She glanced away, then after a brief pause, she spoke again.
 “The first time I came to France was on an organized tour,
 when I was a little girl. Before we left, the guide gave us heaps
 of advice. Among other things, he said that the first thing a
 Frenchman will do once he’s alone with a woman is to tell her
 she’s beautiful.”
 “So glad I didn’t disappoint, Mademoiselle.”
 “Madame!”
 “Oh! I’m so sorry. And I still haven’t introduced myself:
 Jean-Marie Valaise.”
 “My name is Faulks. Marjorie Faulks.”
 The waiter brought our champagne and prepared to pour.
 But I told him to let the bottle chill. I wanted to prolong our
 tête-à-tête.
 “I said you were beautiful precisely because this morning
 you seemed quite the opposite,” I declared, coldly.
 She nodded.
 “This morning you took me for a thief, and worse still, I
 had just come up from the beach, red as a lobster. But I think
 you’re mistaken now. I’m not pretty.”
 I stared at her, unabashed, as if contemplating a portrait. Was
 she pretty? Perhaps not, indeed. She had an Englishwoman’s
 mouth, with a receding lower jaw. She traced her upper lip
 with her fingernail. She must have been reading my thoughts.
 “And then there are my freckles,” she sighed.
 “Des bulles de champagne!”
 “Des… what?”
 “Champagne bubbles – perhaps you don’t know the word?”
 “No.”
 I showed her the bottle of Pommery.
“Look, there.”
 Her face took on a delighted expression, and she repeated
 the word bulles wonderingly, several times over, watching the
 champagne sparkle. Except she pronounced it “bool”, and my
 best efforts to teach the proper elocution produced nothing
 but a comical “bee-yool”. I noticed with surprise that her voice
 was fuller and deeper than this morning.
 We drank a first glass of champagne. Marjorie savoured her
 drink with eyes closed. Suddenly, it occurred to me that she
 had not come to the Côte d’Azur alone. She had climbed into
 the passenger seat of my car, and seemed to be waiting for
 someone. The thought was vaguely annoying.
 “Are you staying at a hotel?”
 “No, I’m with some friends from home. They’ve rented a
 villa in Cap d’Antibes.”
 “Are you here for long?”
 “I’m flying back tomorrow evening.”
 I felt an almost physical pang of disappointment. I was the
 boyish flirt, rubbing his neighbour’s foot at dinner, delighted
 to discover she wasn’t moving it away, only to find it was the
 table leg all along.
 “What a shame.”
 The champagne tasted warm, and too young.

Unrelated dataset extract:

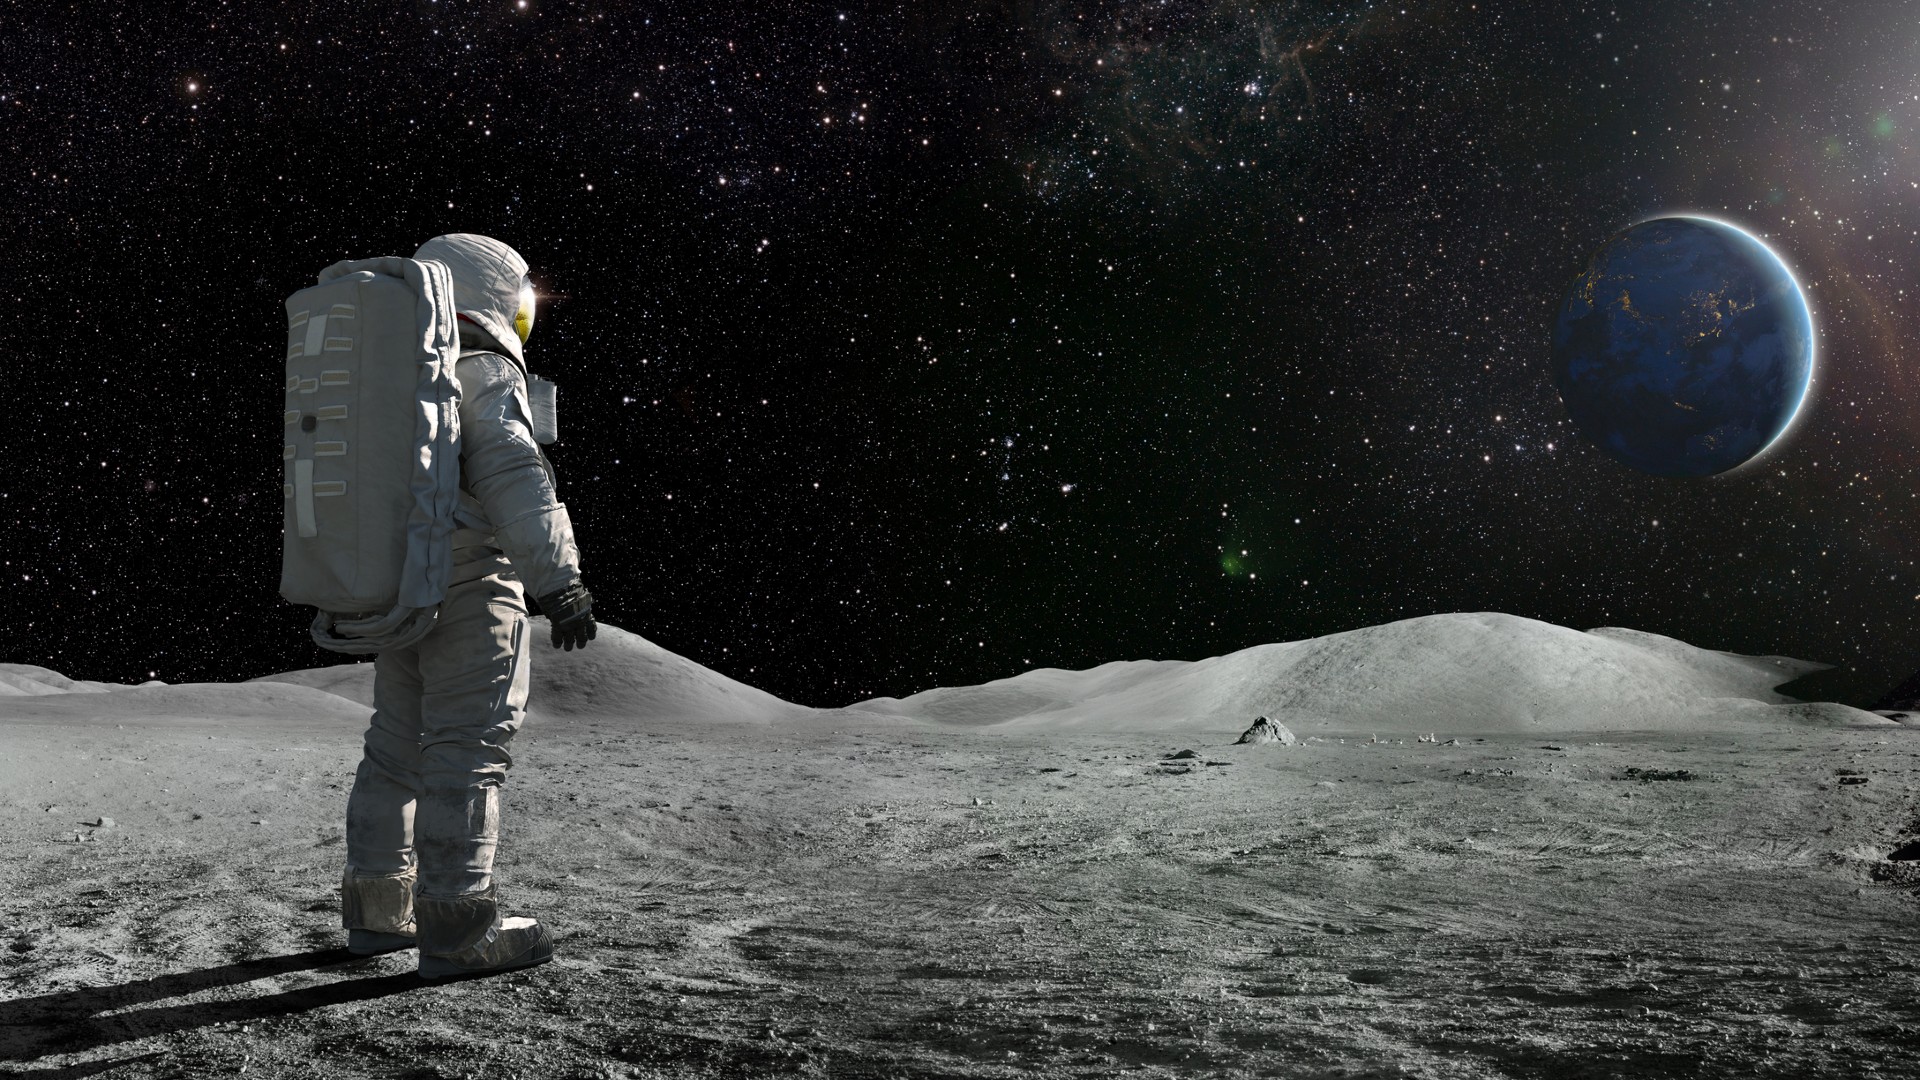 Les astronautes de la mission Artemis planteront des végétaux sur la lune en 2026

 “Yes, it is a shame. I love it here on the Côte d’Azur. English
 people always… Well, it was we who discovered it, after all!”
 “Indeed. It was a British colony for years. Are you travelling
 with your husband?”
 “No, he hasn’t been able to take any holiday yet, this year.

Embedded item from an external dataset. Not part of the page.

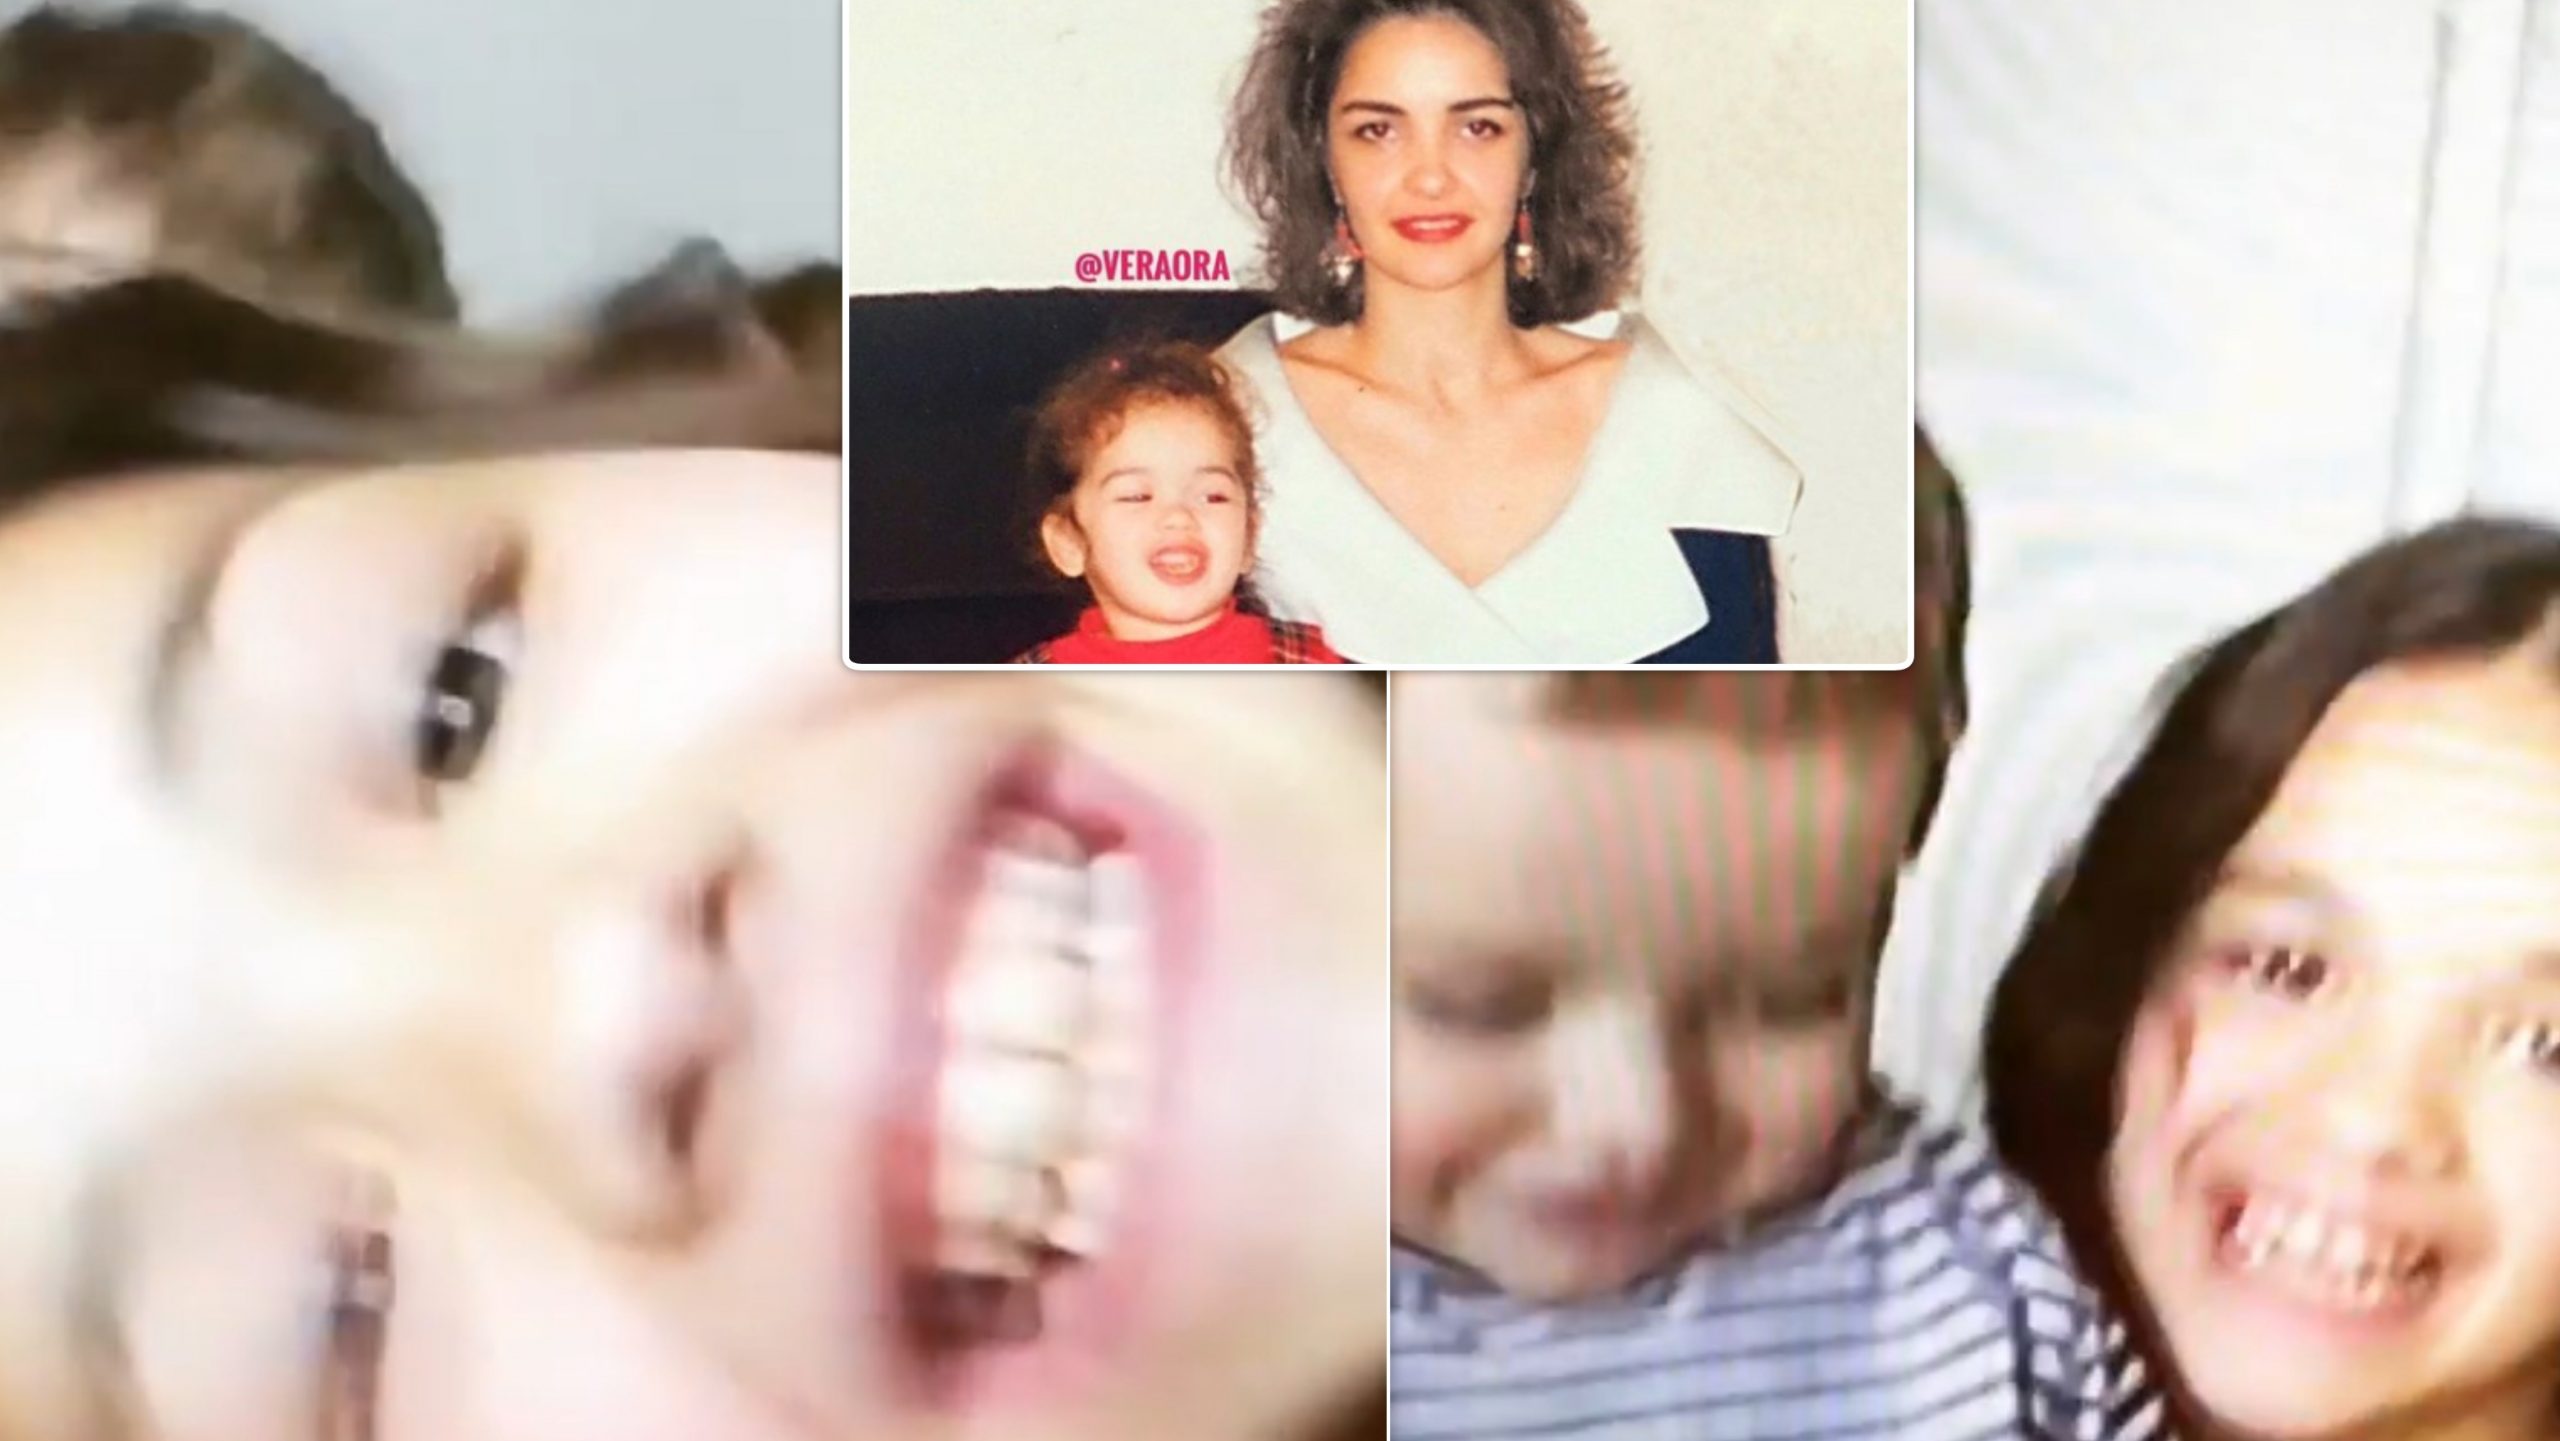 “Momente si këto”, Vera Ora publikon një video të rrallë të Rita Orës kur ishte fëmijë

 Too much work. He’s an architect. He’s building a big school on
 the outskirts of London at the moment. And what do you do?”
“A great deal of travelling!” I replied. “I sell office adding
 machines for an American firm.”
 “And how many do you sell?”
 “I couldn’t say exactly, I’d need an adding machine…”
 We chatted for almost an hour, against the murmur of the
 casino. Pale plumes of smoke curled around the lamps, and our
 eyes drooped. Marjorie pulled herself up so suddenly that it
 took me a moment to realize she was leaving.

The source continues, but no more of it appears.